Women of color are most likely to be in minimum wage jobs. Over half of Black and Latino people in this country can’t afford the rent compared to 42 percent of Asian and white people. While these are staggering numbers, the Princeton Eviction Lab found that Blacks and Latinos, particularly women, were more likely than their white counterparts to face eviction proceedings. Federal help for low-income housing, particularly for the very needy, is perceived as being about Blacks and Latinos because the need is so great. So while white people benefit, 46 percent of housing vouchers go to Black and Latino households, and two-thirds of public housing households are Black and Latino. Don’t their lives matter?
It should be good politics to solve deep and shared problems like housing affordability, but unfortunately the Biden administration has treated rental assistance as separate from an affordable housing plan. That may be a political mistake. Democrats should not forget Trump has weaponized this nation’s tragic and preventable homeless crisis. Remember that even before the pandemic, Trump attacked Democratic governors and some Democratic mayors on the homeless rates in their states and cities, suggesting that what was needed was a police crackdown. Homeless rates were listed in the effort to recall California Governor Gavin Newsom from office.
It’s also a policy mistake to separate rental assistance from affordability. The truth is that it is rising rents and stagnating wages that have increased homeless rates. We need to build more affordable housing, but we can’t build our way out of this crisis. For example, the Department of Housing and Urban Development announced a plan that would create another 20,000 units by 2027 for a problem that tens of millions face. Therefore, the right policy approach includes rental assistance and preserving affordable housing, like public housing, as well.
Another pressing issue is the living conditions faced by the nation’s 1.2 million residents of public housing.
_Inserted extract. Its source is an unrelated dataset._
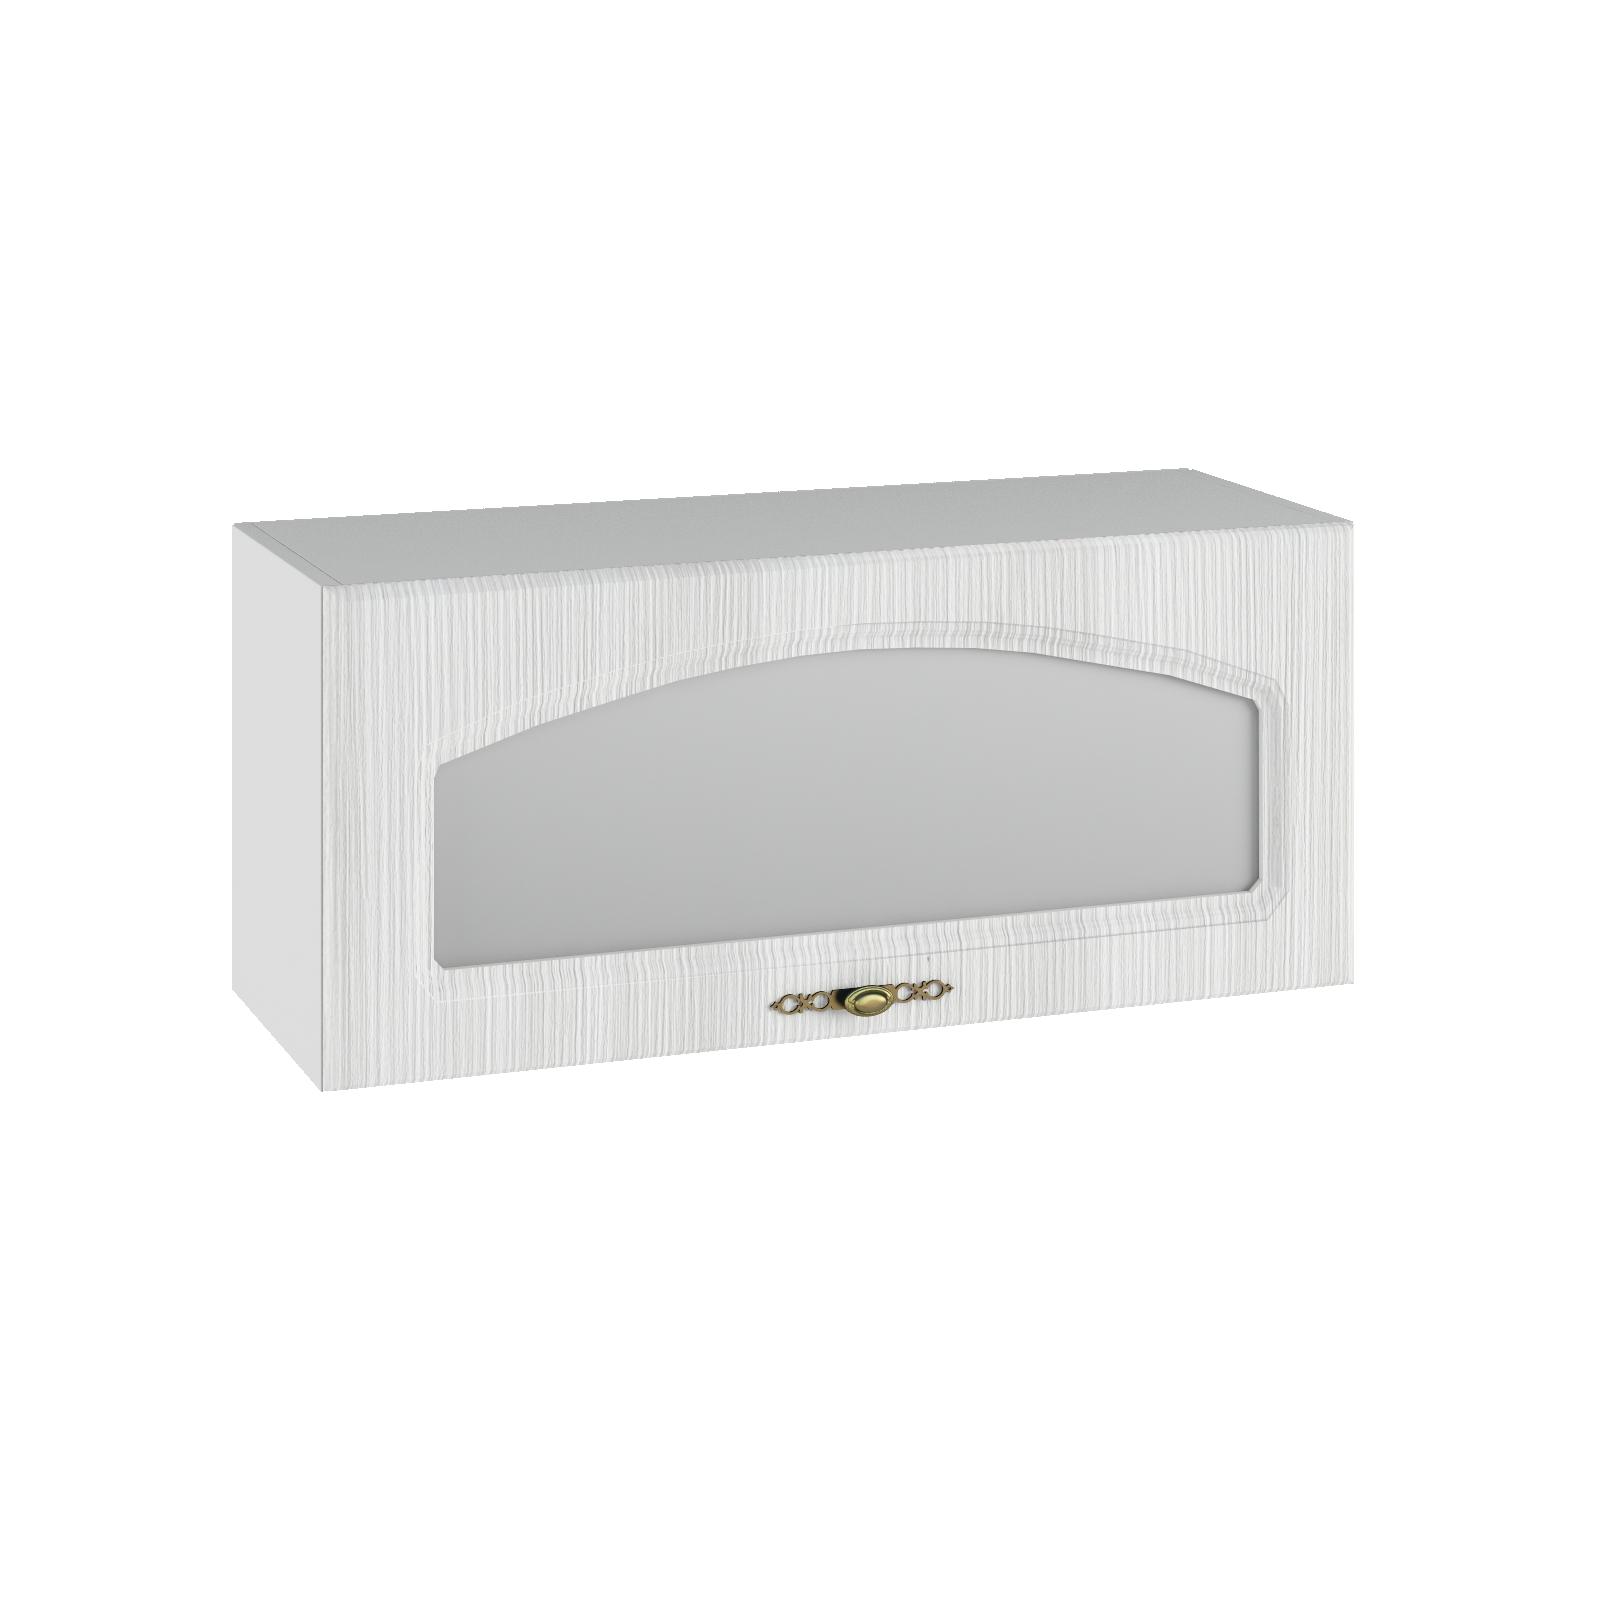 Кухня Монако ГПГС 800 Шкаф верхний глубина 574

Build Back Better includes $80 million to preserve funding to make the horribly crumbling housing livable. Will that be cut, too?
Not only must Democrats in Congress recognize the humanitarian and political benefits of stemming evictions and preserving public housing, but state and local government must be bolder and create new ways of addressing this inequality crisis. When I announced my candidacy for mayor of New York City in October 2020, it was with a burning desire to make New York affordable for its residents. After all, the pulse of this city, and communities around the country, comes from its people. We are one of the most diverse cities in the country, with 800 languages spoken here and all the cultural vibrancy that creates. We are the home to hip-hop, as the Verzuz between Big Daddy Kane and KRS-ONE showed. Diversity drives culture and attracts business and tourism, but it also helps us contribute 8 percent of the nation’s gross domestic product. Losing our residents to high-end housing is an existential crisis. I proposed to subsidize the rents for renters so that no one paid too much for housing, and I would use federal bailout money and the cost savings from catastrophically expensive welfare hotels to pay for it.
Vouchers and subsidies have their challenges. Only one in four people eligible for vouchers actually gets one, and landlords often discriminate against them, particularly if they are held by people of color. And there is the issue of preventing landlords from price gouging the public coffers because of subsidies. But these are good problems to have, which, when faced, can be solved. Let’s start with a rigorous Build Back Better program that includes an eviction-prevention and affordable housing strategy and show this country that Democrats can get housing done.